> **What the task asks**
A word-for-word copy of the data is what's wanted; pictures stay out of it.

> **Dataset extract**
<<<<

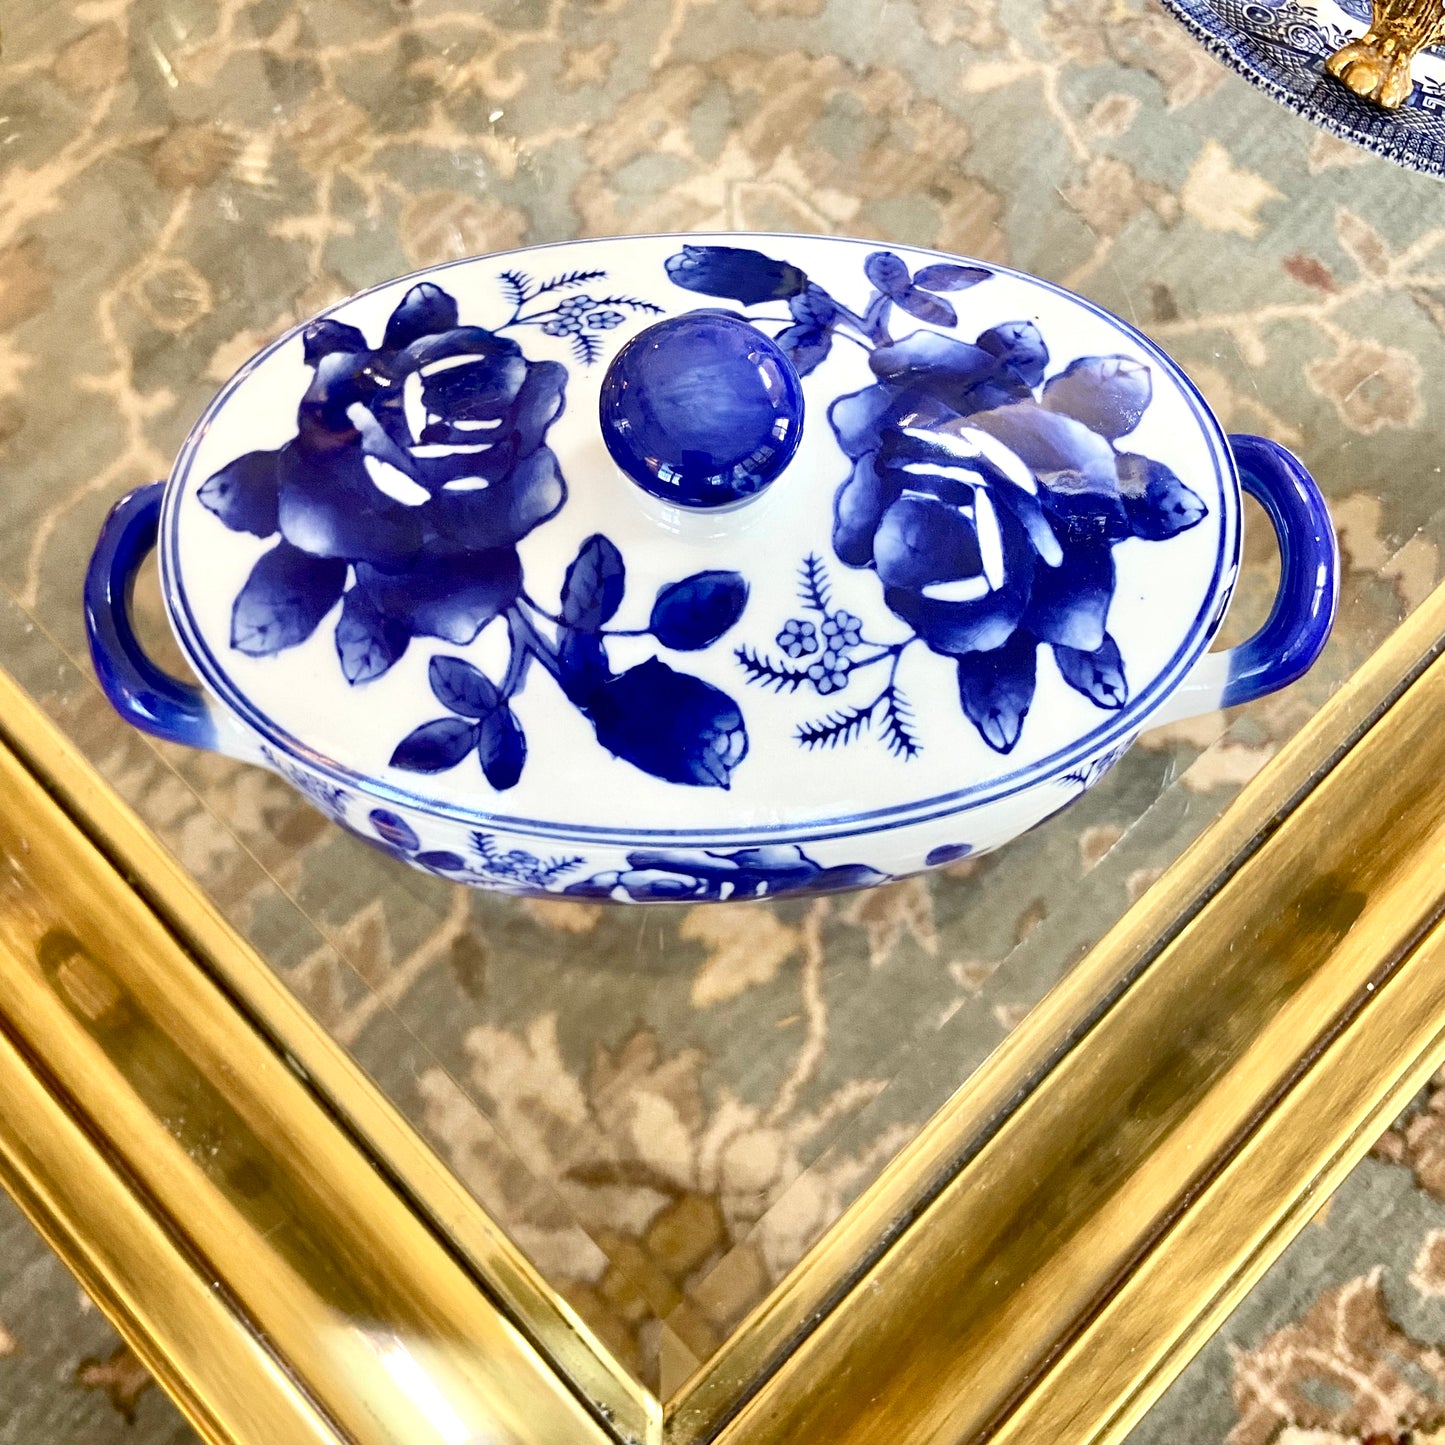 Vintage blue & white floral jar with lid.
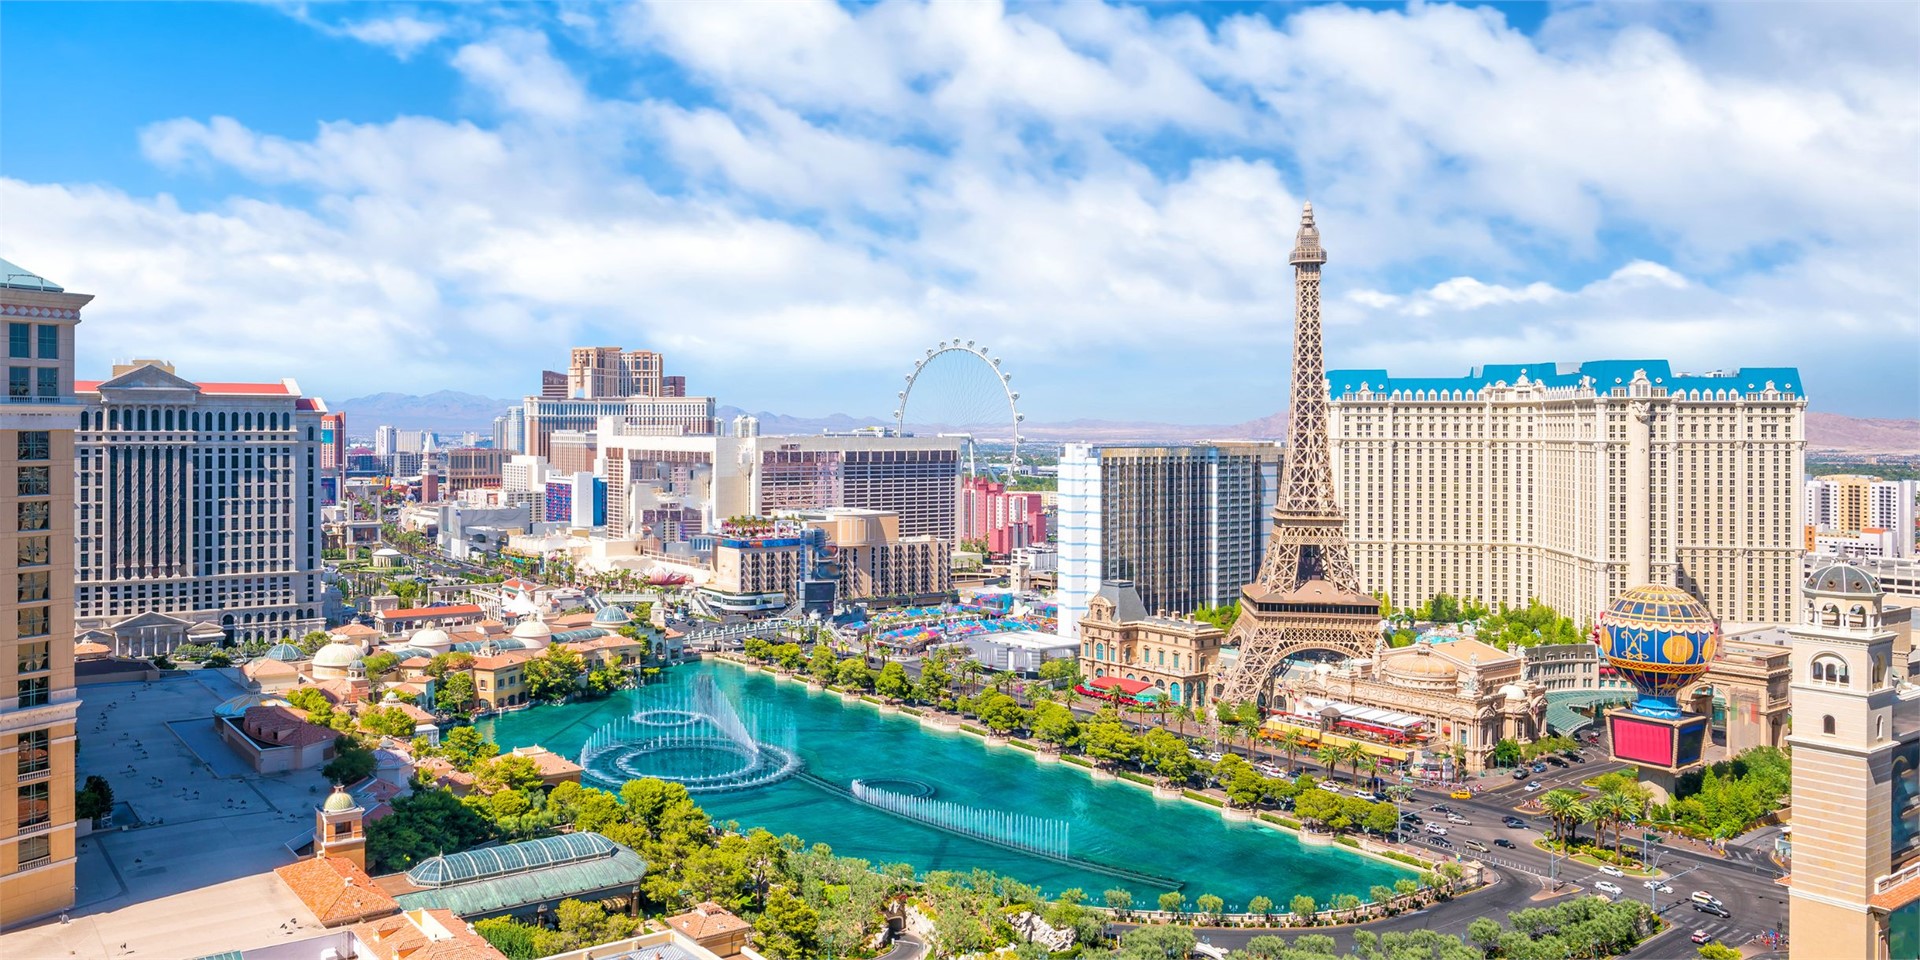 Buche Deine Reise zum Spielerparadies in Las Vegas
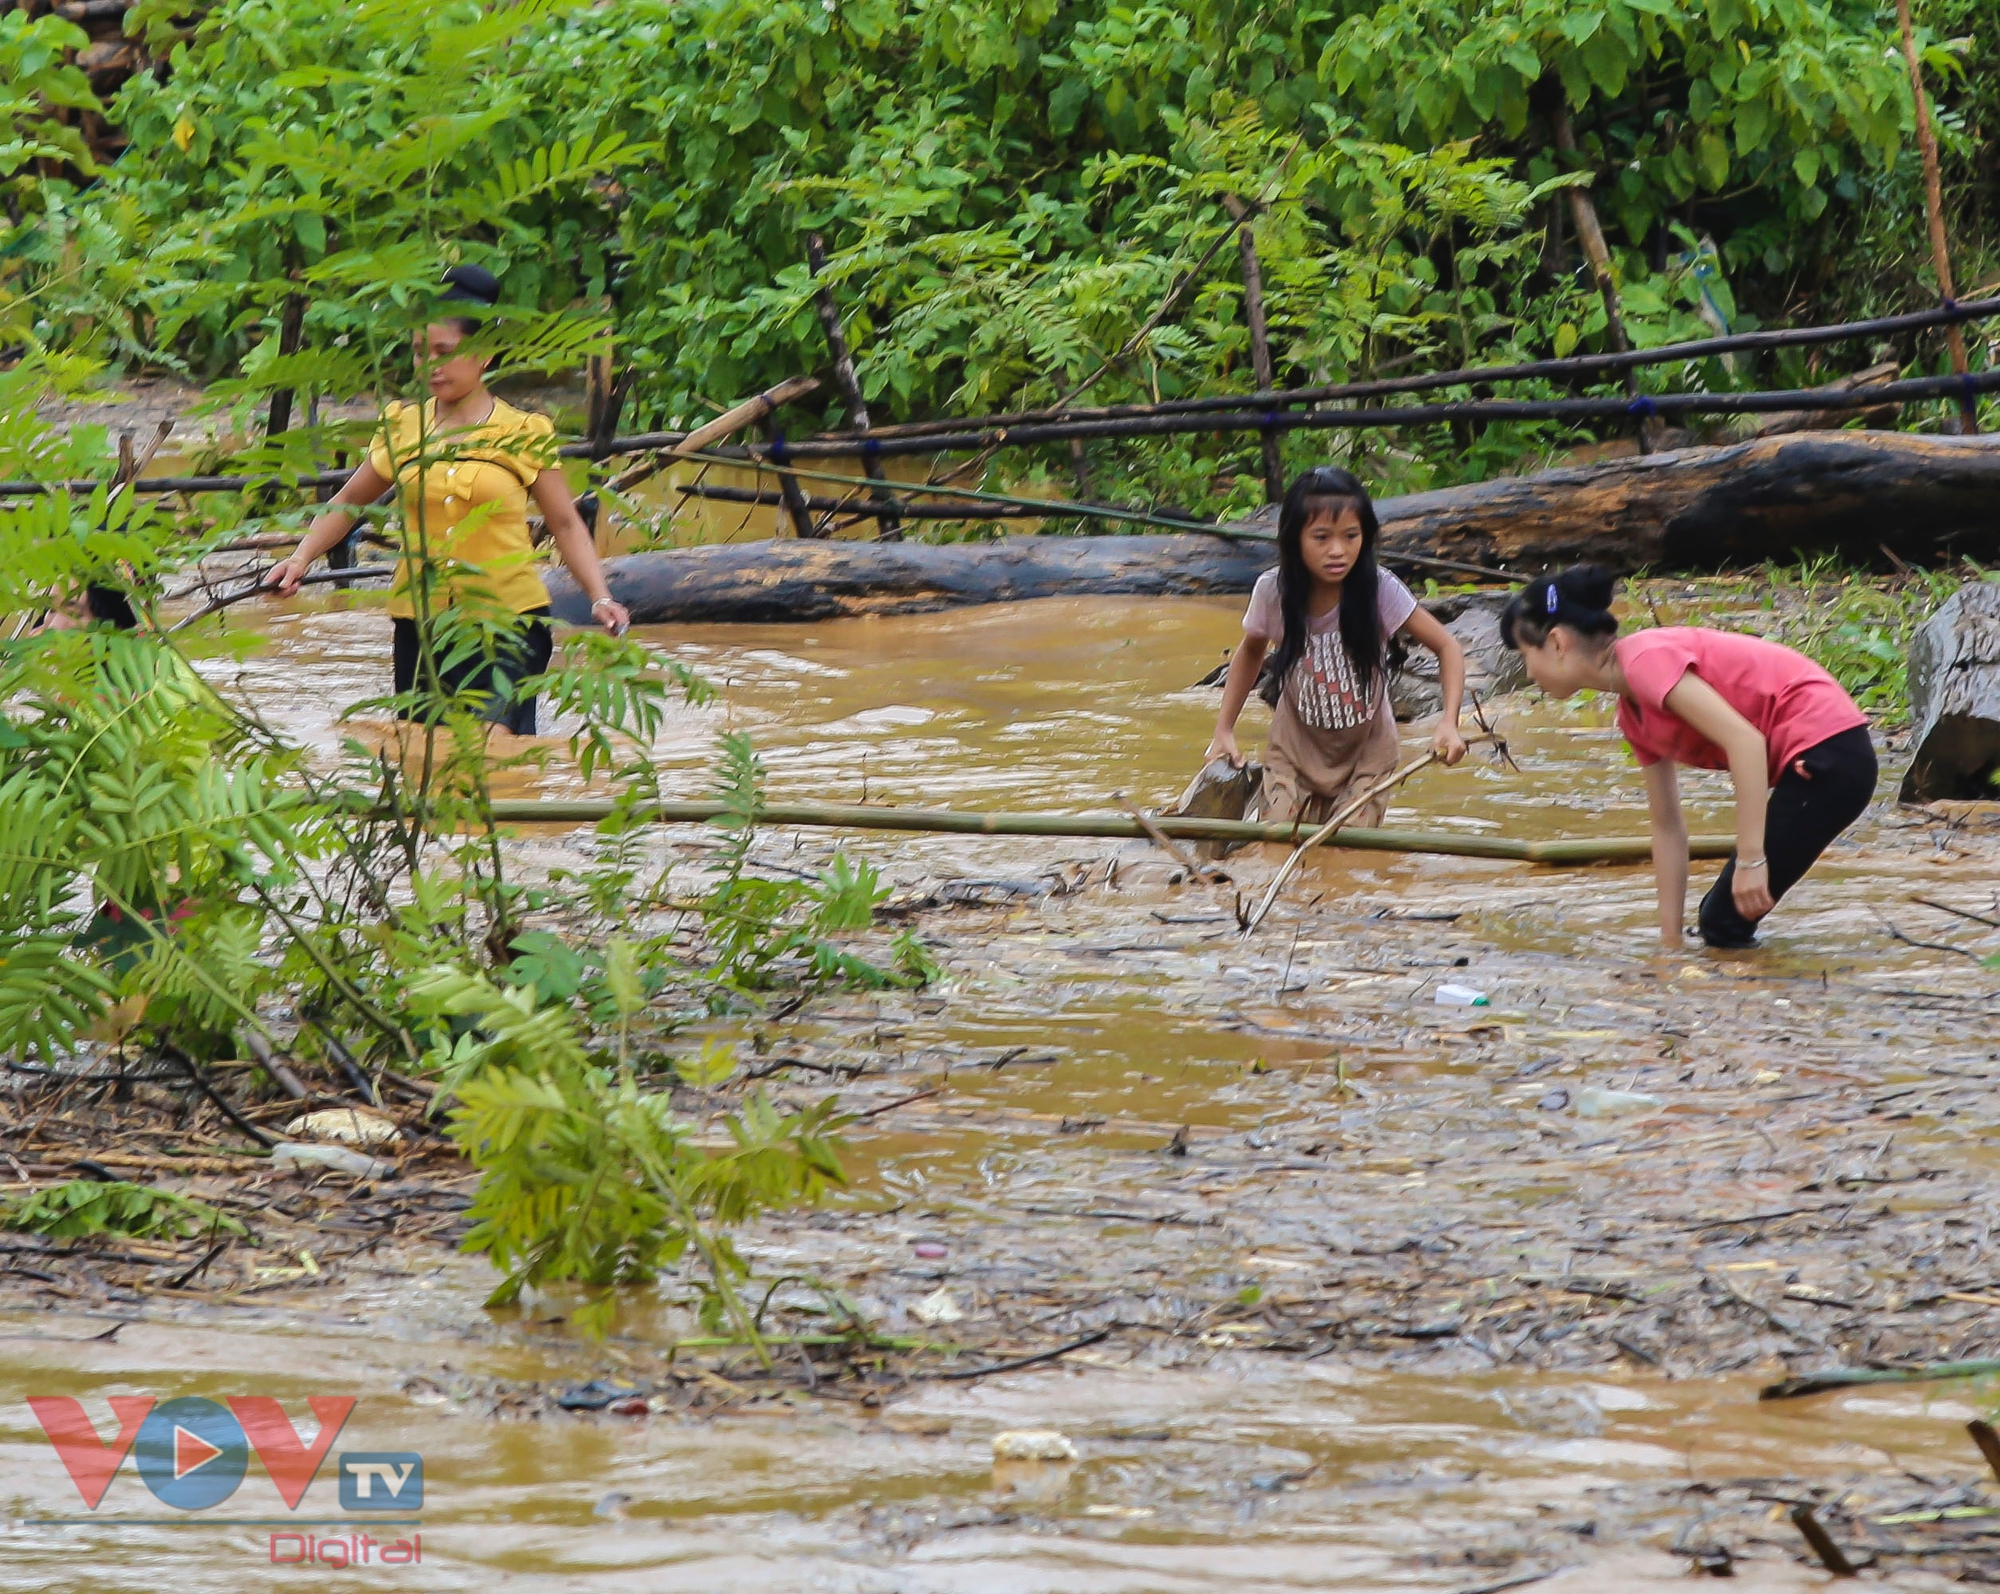 Mặc nước lũ cuồn cuộn, người dân Điện Biên vẫn đua nhau đi vớt củi, bắt cá- Ảnh 3.

>>>>

> **Task answer**
 Vintage blue & white floral jar with lid.
 Buche Deine Reise zum Spielerparadies in Las Vegas
 Mặc nước lũ cuồn cuộn, người dân Điện Biên vẫn đua nhau đi vớt củi, bắt cá- Ảnh 3.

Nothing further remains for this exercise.